6, DRINKING UP - Specifically, rising from the table, slinging your coat
on and downing two thirds of a pint in one fluid movement. Then nodding
towards the door, saying, "Let's go" and striding out while everyone else
struggles to catch up with you. God, you're hard.

7, HAVING A THIN BIT OF WOOD - in the shed, solely to stir paint with.

8, HAVING A SCAR - Ideally it'll be a facial knife wound, but even an
iron burn on the wrist is good. "Ooh, did it hurt". "Nah".

9, HAVING A HANGOVER AND THICK STUBBLE - When birds have been partying they
just whinge. You, on the other hand have physical evidence of your hardness,
sprouting from your face. "Big night?" Gr rrr r, what does it look like.

10, NODDING AT COPPERS - A moments eye contact is all it takes for you
to share the unspoken bond. "We've not seen eye to eye in the past", it says
"but someone's got to keep the little scrotes in line".

11, USING POWER TOOLS - slightly more powerful than you need or can
safely handle. Pneumatic drilling while smoking a fag? Superb.

12, KICKING A FOOTY AGAINST A GARAGE DOOR - Clang-g-g-g-g-g-! Stitch that
becks, I kick so hard I set off car alarms.

13, ARRIVING IN A PUB LATE... and everyone cheers you. It doesn't mean
you're popular, it just means your mates are pissed. However, the rest of
the pub doesn't know that.

14, NOT WATCHING YOUR WEIGHT - fat is a feminist issue, apparently.
Brilliant. Pass the pork scratchings.

15, CARVING THE ROAST - and saying "are you a leg or breast man" to the
blokes and "do you want stuffing" to the women. Congratulations, you are now
your dad.

16, WINKING - turns women to putty. Doesn't it?

17, TEST SWINGING HAMMERS - ideally, B&Q would have little changing
rooms with mirrors so you could see how rugged you look with any DIY item.
Until then, we'll make do with the aisles.

18, TAKING OUT £300 FROM A CASHPOINT - okay, so its for paying the
plumber later but with that much cash you feel like a mafia don. The only
thing better is peeling notes off the roll later.

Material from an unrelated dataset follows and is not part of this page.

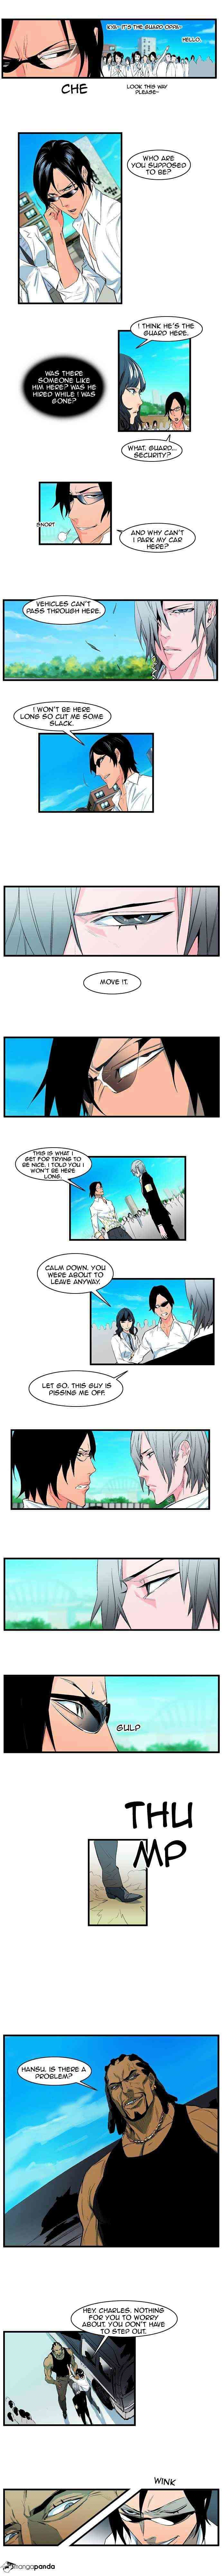 Noblesse Chapter 94 page 4
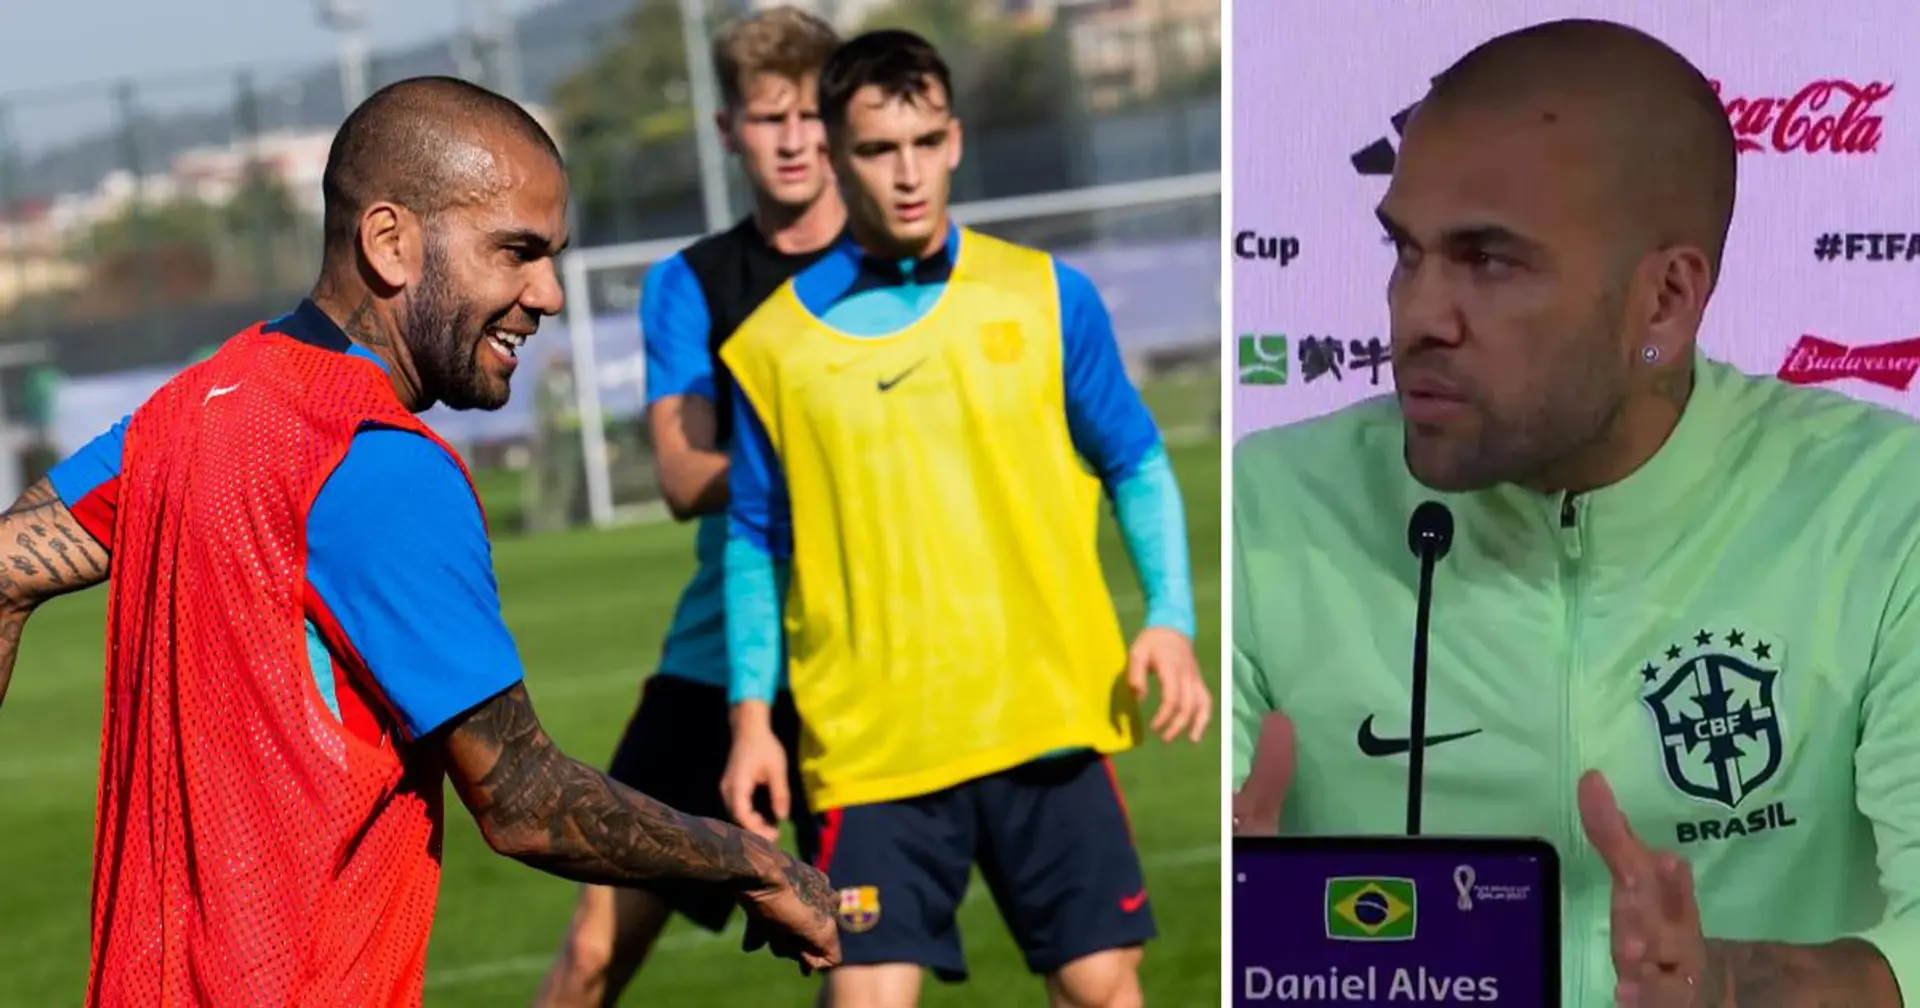 'I'm here thanks to them': Dani Alves grateful Barca let him train with reserves ahead of World Cup

19, PHONE CALLS THAT LAST LESS THAN A MINUTE - unlike birds, we get
straight to the point. "alright? Yep. Drink? Red lion? George, it is then.
Seven. See ya."

20, PARALLEL PARKING - bosh, straight in. first time. Can Schumacher do
that? No, because his cars got no reverse gear which, technically, makes
you the worlds best driver.

21, HAVING EARNED THAT PINT - Since the dawn of time, men have toiled in the
fields in blistering heat. Why? So, when it's over we can stand there
in silence, surveying our work with one hand resting on the beer gut while
the other nurses a foaming jug of ale. Aaaah.

22, HAVING SOMETHING PROPERLY WRONG WITH YOU - especially if you didn't make
a fuss. "Why was I off, nothing much, just a brain hemorrhage".

23, KNOWING WHICH SCREWDRIVER IS WHICH - "a Phillips? For that? Are you mad,

24, TAKING A NEWSPAPER INTO THE LOO - a visual code that says that's
right, I'm going in there for a huge, long man-sized dump.